Tokenization (Link)
Tokenization means to convert the text/paragraph into words(nltk.word_tokenize()
) or sentences(nltk.sent_tokenize()
).
Stemming & Lemmatization (Link)
Stop Words - Most common words in a language which does not play much important role in predicting sentiment of a sentence(nltk.corpus.stopwords()
).
Process of reducing infected words to their word stem. Problem with this is that result given by stemming may not have any meaning(nltk.stem.PorterStemmer()
).
Lemmatization is a kind of stemming technique which is same as stemming with a difference that its result is always meaningful(nltk.stem.WordNetLemmatizer()
).
Bag of Words (BOW) (Link)
A representation of text that describes the occurrence of words within a document/document matrix w.r.t the words. BOW is implemented using CountVectorizer()
(sklearn.feature_extraction.text.CountVectorizer()
).
TF-IDF (Term Frequency-Inverse Document Frequency) (Link)

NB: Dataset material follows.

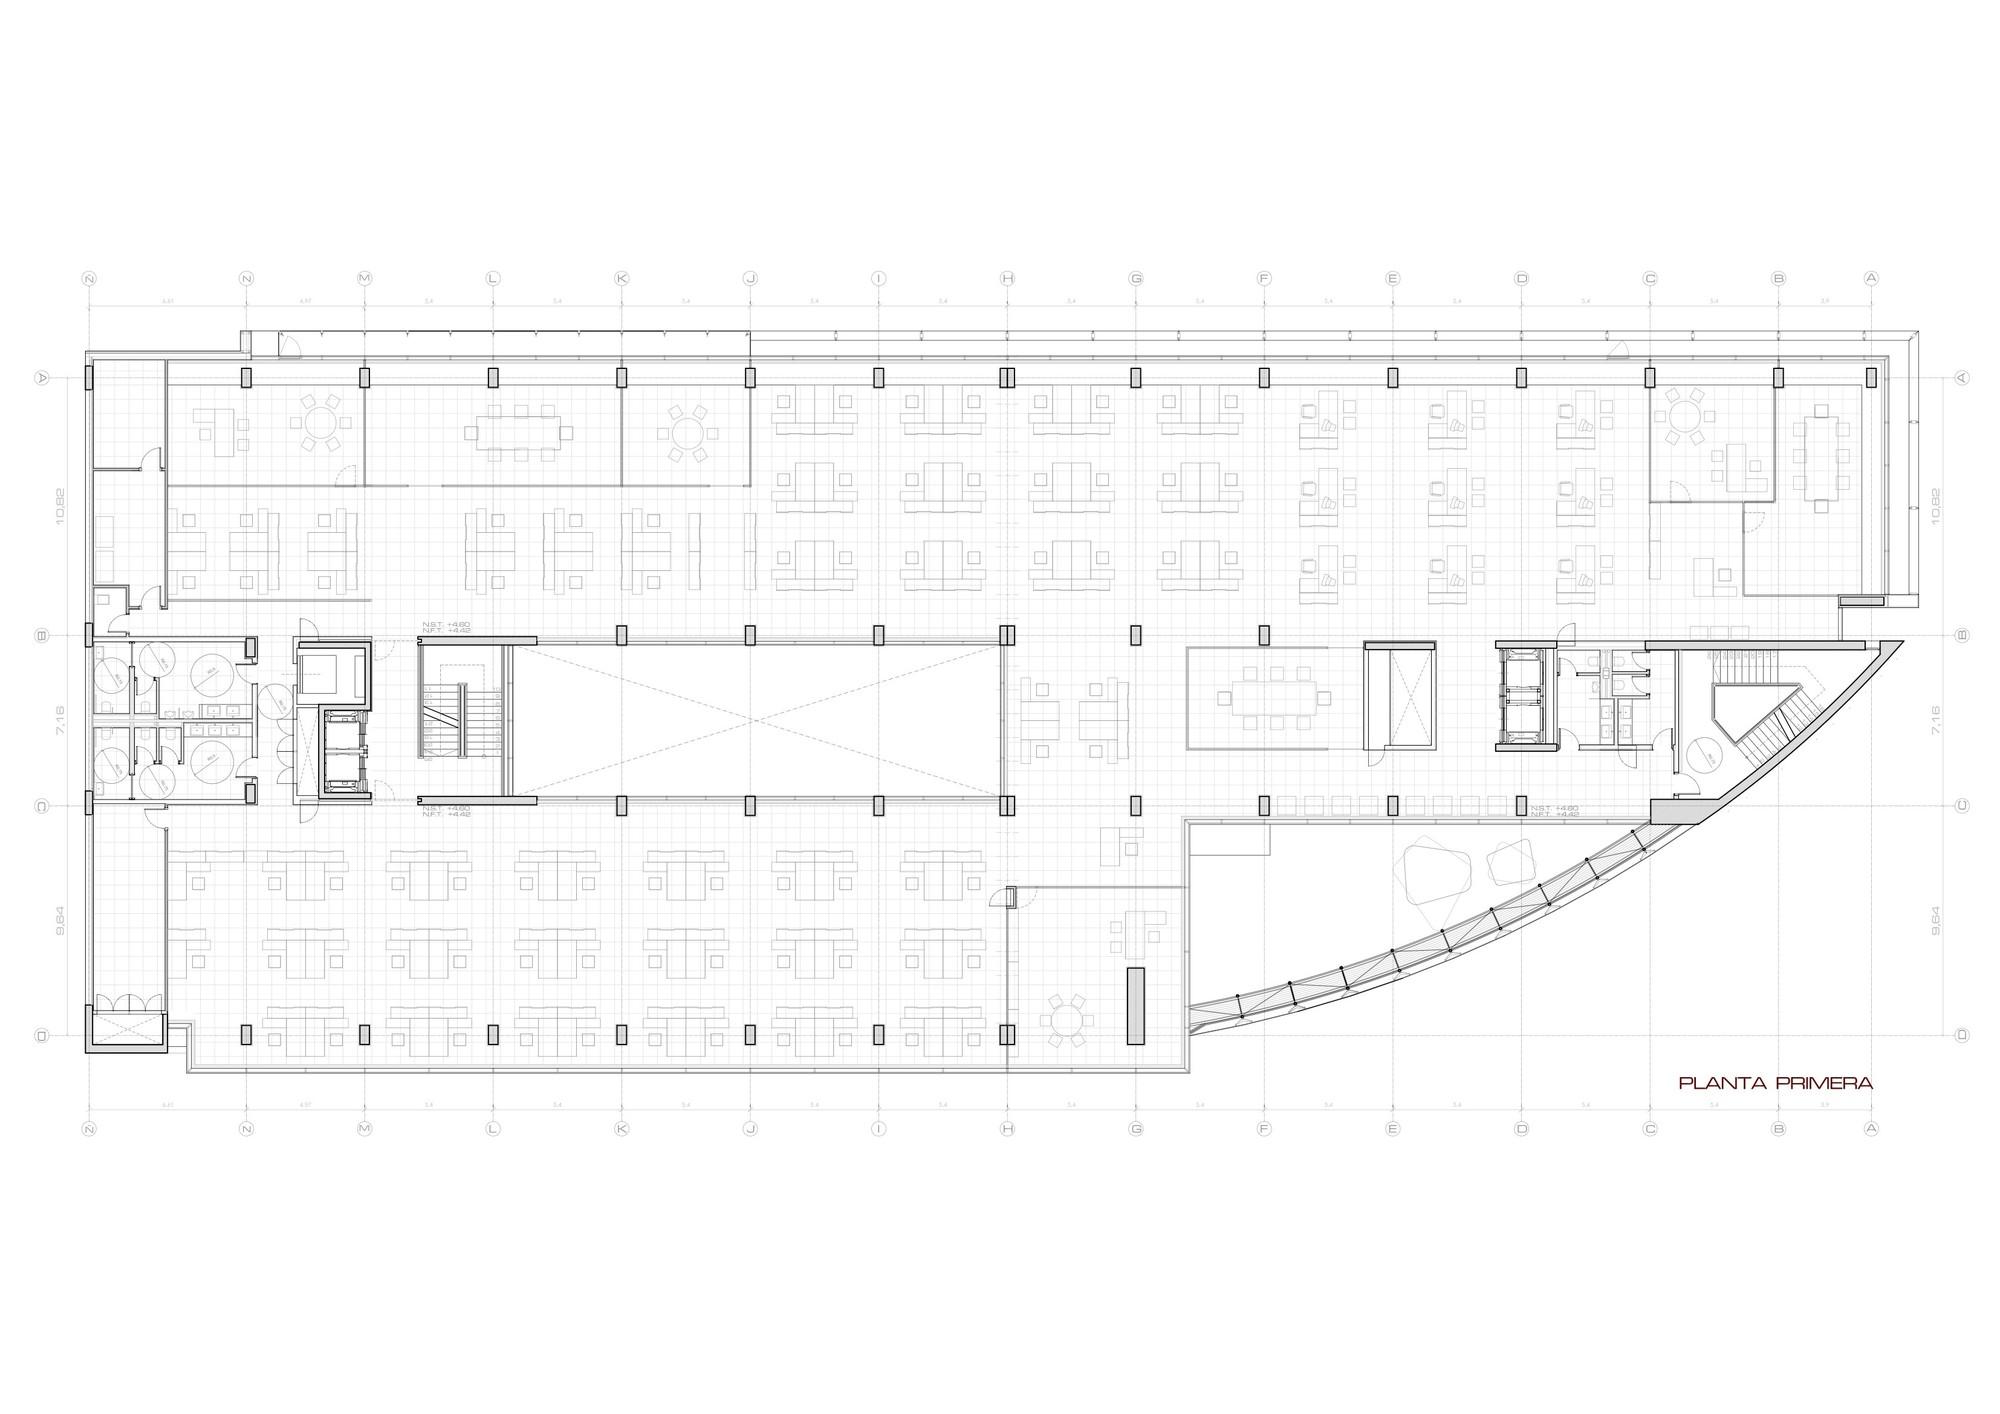 Galer a de edificio de oficinas en vitoria lh14 arquitectos 16 - Arquitectos en vitoria ...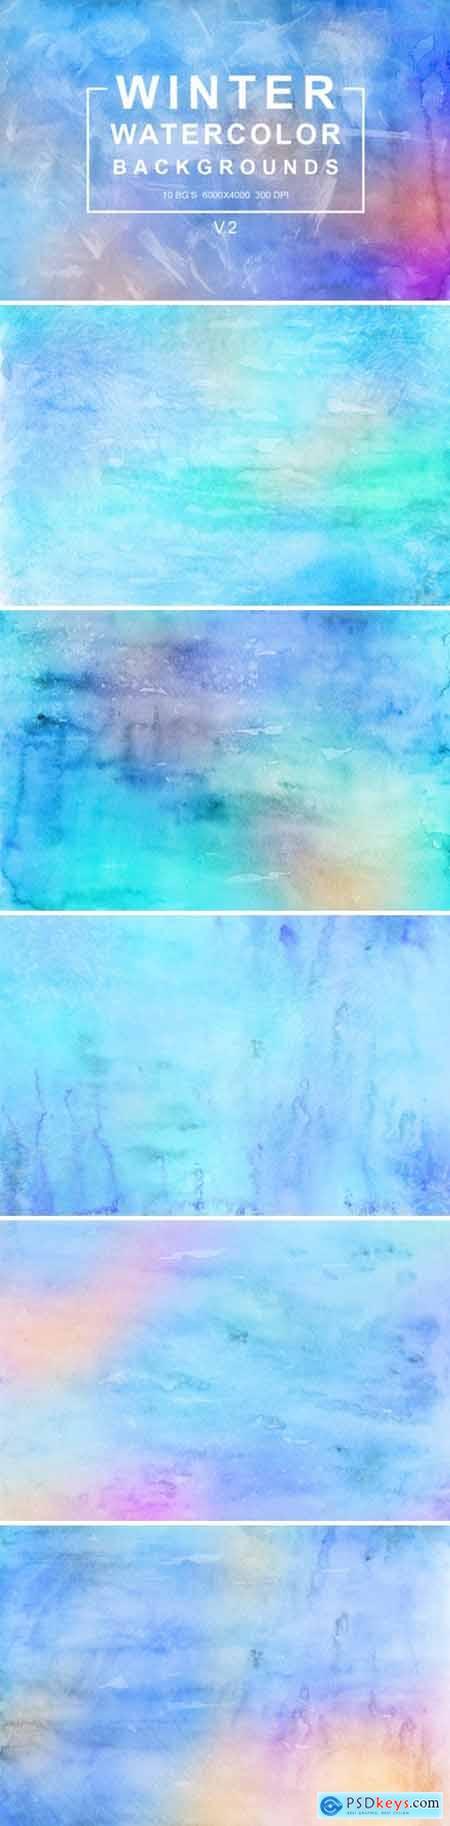 Winter Watercolor Backgrounds Vol.2

TF = No. of repetition of word in sentence/No. of words in sentence
IDF = log(No. of sentences/No. of sentences containing words)
TF-IDF is implemented using TfidfVectorizer()
(sklearn.feature_extraction.text.TfidfVectorizer()
).
Problem with BOW and TFIDF is that both do not store the semantic information.
Word2Vec (Link)
Every word is represented as a vector of 32 or more dimension instead of a single number. Here the semantic information and relation between different words is also preserved(gensim.models.Word2Vec()
).
Recurrent Neural Network(RNN) (Link)
Most important feature due to which RNN is heavily used in NLP is storing sequence of information which is discarded in all other techniques Bag of Words, Tfidf or Word2Vec.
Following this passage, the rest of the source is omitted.